Whilst we have seen the currency markets shift we continue to trade within range. The Dollar depreciated as members of the Fed expressed concerns about the prospect of raising rates in 2015, following some softer data trends that are becoming apparent in the US. Meanwhile, on Friday Cleveland Fed’s Mester reiterated her view that the economy is ready for higher interest rates. Looking at the docket, there was some positive news for the US as the University of Michigan consumer survey with the headline index rose and thus essentially reversed its September decline.
Meanwhile, the prospect for raising rates in the UK continues to wane as inflation continues to bump along the bottom by posting a negative reading on Tuesday. This leaves the BoE under no pressure to be raising rates soon as they do not expect inflation to return to 1% until spring 2016.
We have a very quiet start to the week with the bulk of the market’s concern being released overnight. China’s economy grew 6.9% in Q3 GDP, which was a little slower than the 7.0% growth seen in Q2. The market is paying close attention to Fed speakers at the moment to gage sentiment on a potential rate hike in December. FOMC Member Brainard is due to speak this afternoon.
Most of the focus will be on the speaking engagements that BoE Gov Carney and FOMC Chair Yellen are due to deliver. Carney is due to testify on the Bank of England Bill before the Treasury Select Committee in London. Meanwhile, Yellen is due to deliver brief remarks at the Labor Hall of Honor Induction Ceremony, in Washington DC. As heads of their respective central banks the market will been keen to decipher their commentary.

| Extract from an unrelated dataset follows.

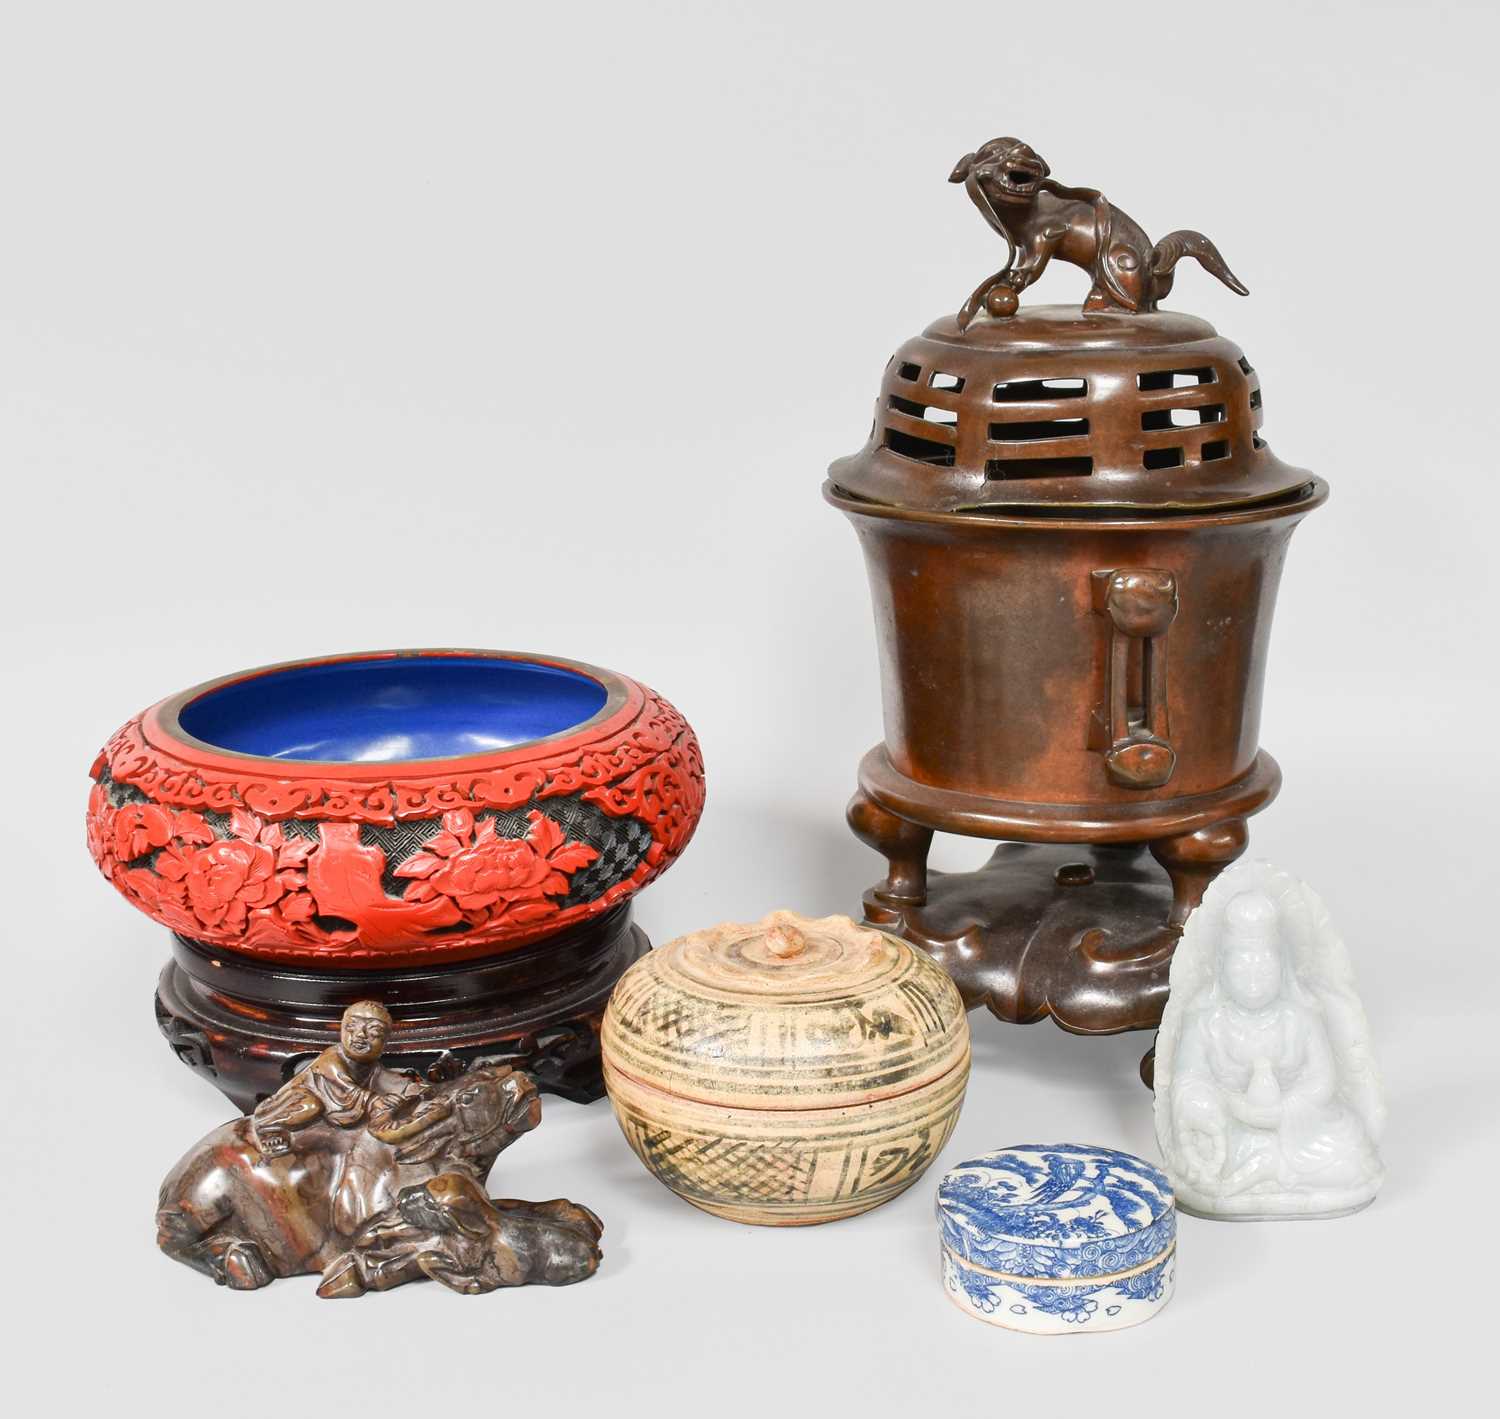 A Group of Asian Art, including a Chinese celadon jade carving of Guanyin seated, a carved soapstone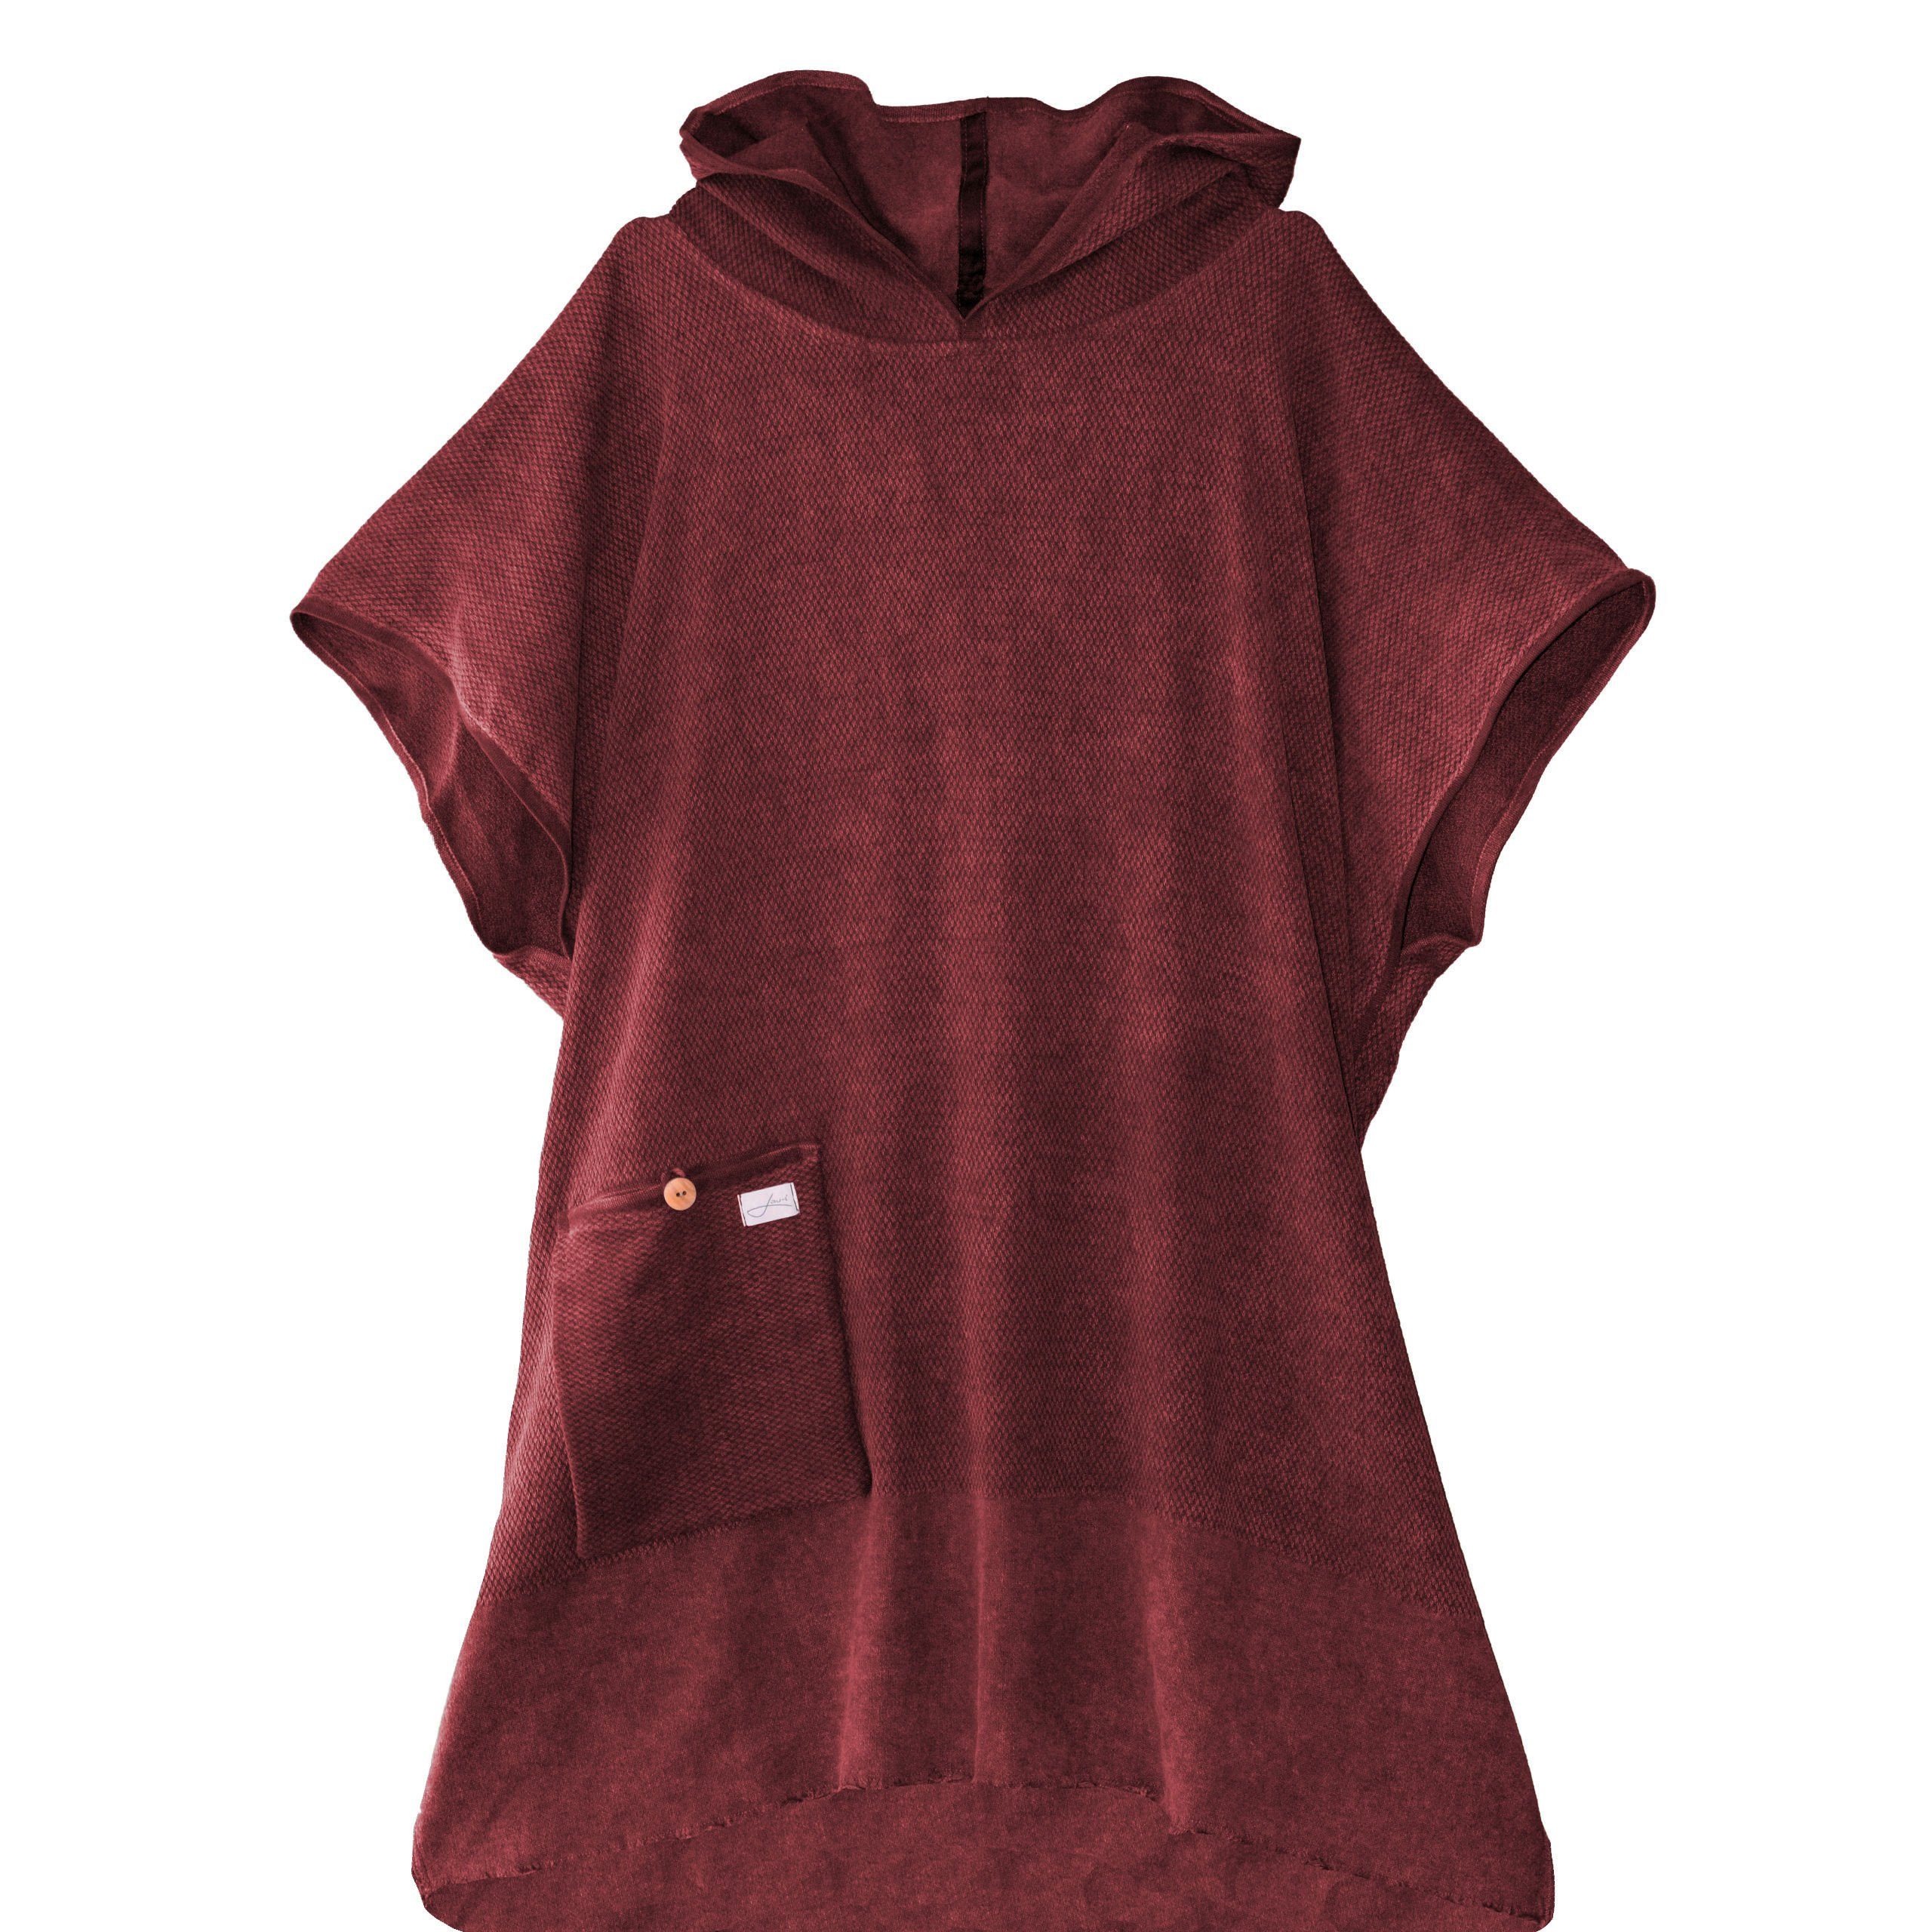 Lou-i Badeponcho Badeponcho Made in Germany Surfponcho (leicht & schnell trocken), Kapuze burgundy

The Bank of Canada are due to release their latest decision on interest rates today with no change expected. As always, the focus will be on the rhetoric following the decision. Meanwhile, on the docket we have the UK’s public sector borrowing numbers.
Probably the busiest day in the market this week. Starting in the UK we have the release of the retail sales numbers which is expected to remain fairly low. The main focus will be the ECB meeting. We are not expecting any announcement of an extension of the QE programme but believe that Draghi will remain dovish in his tone. Finally the weekly release of the jobless claims are due as well.
Eurozone data will be today’s focus following on from Thursday’s ECB Meeting. Due to hit the wires are the PMI services and manufacturing from the Eurozone and Germany. It will be interesting to see if the fallout from Volkswagen will have any effect.